NEWPORT — A Newport man who was shot during a dispute between neighbors over a shared driveway last summer likely won’t testify at his alleged shooter’s upcoming trial. That’s left attorneys to argue over what evidence the jury should be allowed to hear in the victim’s absence.
Kevin Nottage III, who was shot in the leg during the incident in July 2019, has since moved to Florida and is “not available or willing” to attend the trial of his former neighbor, Oliver Renehan, according to a motion filed by Renehan’s defense attorney Cabot Teachout earlier this month.
Renehan, 59, is scheduled to stand trial Feb. 4 on two counts of first-degree assault and one count of reckless conduct.
Renehan allegedly fired two shots, one of which struck the 24-year-old Nottage outside their homes on the 200 block of South Main Street on July 24.
Renehan has maintained that he fired the shots — the other went into Nottage’s home — in an act similar to self-defense: to stop a fight that was happening between Nottage’s aunt, Valerie Ellsey, and Renehan’s fiancee, Paula Cain, in the shared driveway.

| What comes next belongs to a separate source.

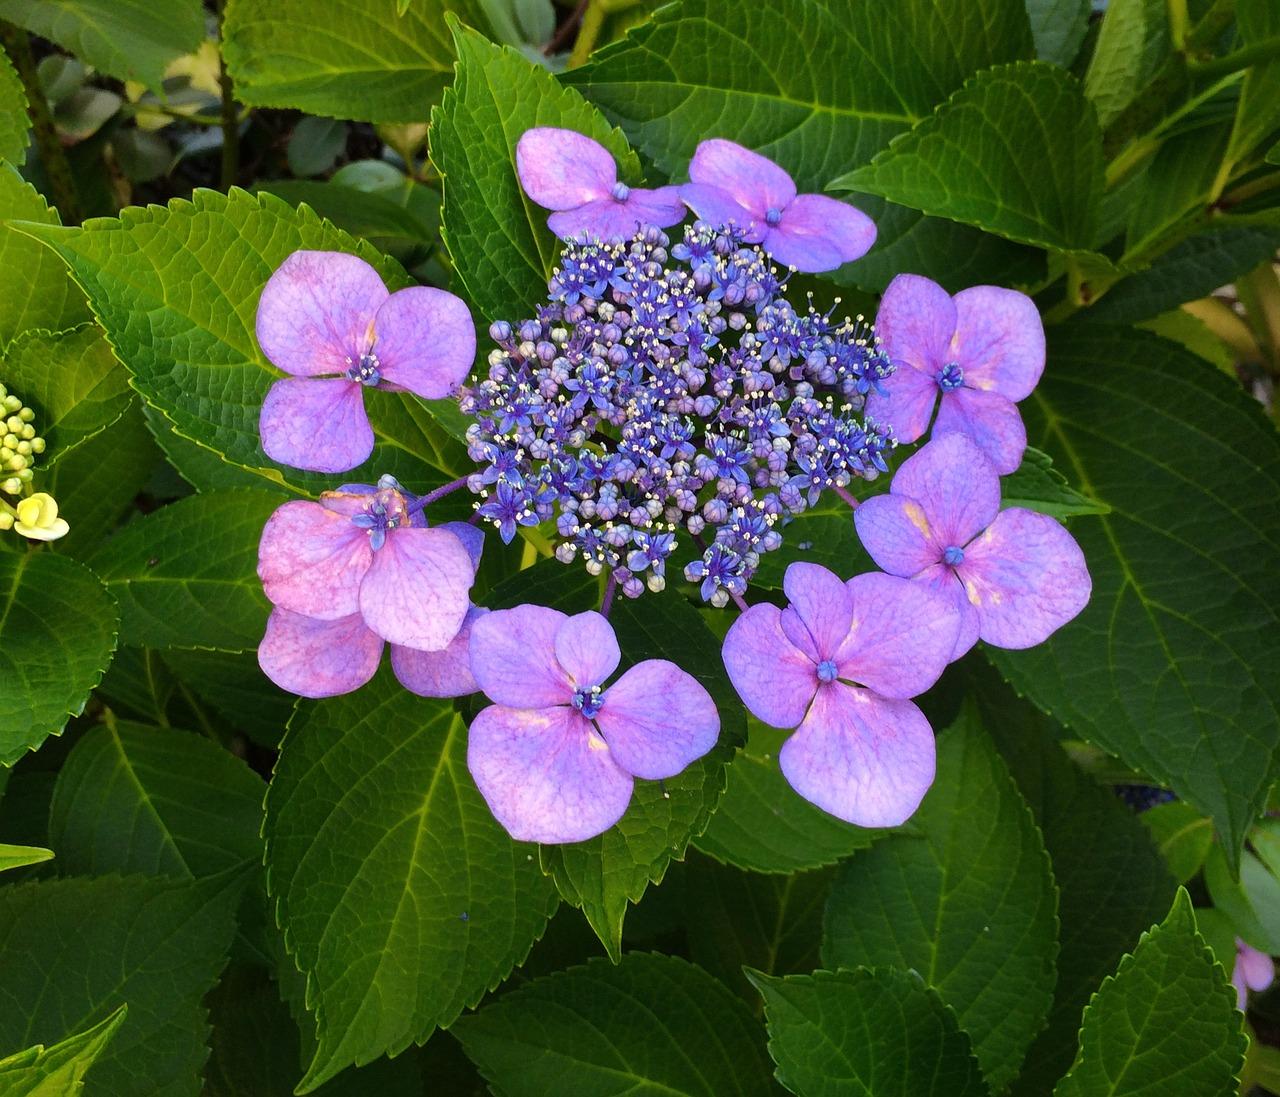 Ganz und zu Extrem Buddha-Blume: Hortensie für Auge und Tee – Kräuterallerlei @WN_89

Police have said the incident followed a long history of property disputes between the two families, the latest being an argument over toy boats in the driveway.
In the motion this month, Teachout argued that the court should admit into evidence a digitally recorded interview that New Hampshire State Police conducted with Nottage shortly after the shooting.
During the interview, Nottage said Ellsey was assaulting Cain just before the shooting and that both he and Renehan got involved, according to the defense motion.
Nottage also told police that he pushed Renehan away from the altercation before Renehan fired the shot that hit him in the leg, the motion said.
“Each of these facts show that Mr. Renehan took his actions only to cease and deter the ongoing unlawful assaults by both Nottage and Ellsey,” Teachout wrote in the motion, adding that the interview shows Renehan’s actions were “legally justified.”
Teachout also argued that the interview should be exempt from the hearsay rule because it’s trustworthy, and because locating Nottage and getting his in-person testimony at the hearing would be costly and a “waste of time” for the court.
“(The interview) was audio recorded by police and its accuracy cannot be disputed,” Teachout wrote.
But Sullivan County Attorney Marc Hathaway disagreed.
In a response to Teachout’s motion Tuesday, Hathaway argued that the interview between Nottage and police isn’t evidence that Renehan acted in self-defense.
“The facts predicating the defendant’s thoughts and his thought process should not be inferred from the hearsay statements of a witness not being subjected to cross-examination,” Hathaway wrote.
He also stressed that the interview is “clearly” a case of hearsay and shouldn’t be admitted at trial.
“There are multiple other eyewitnesses who potentially are available to testify to what they saw, heard or perceived concerning the same events,” he wrote.
The state plans to call both Cain and Ellsey to testify at the trial, according to a witness list submitted this month.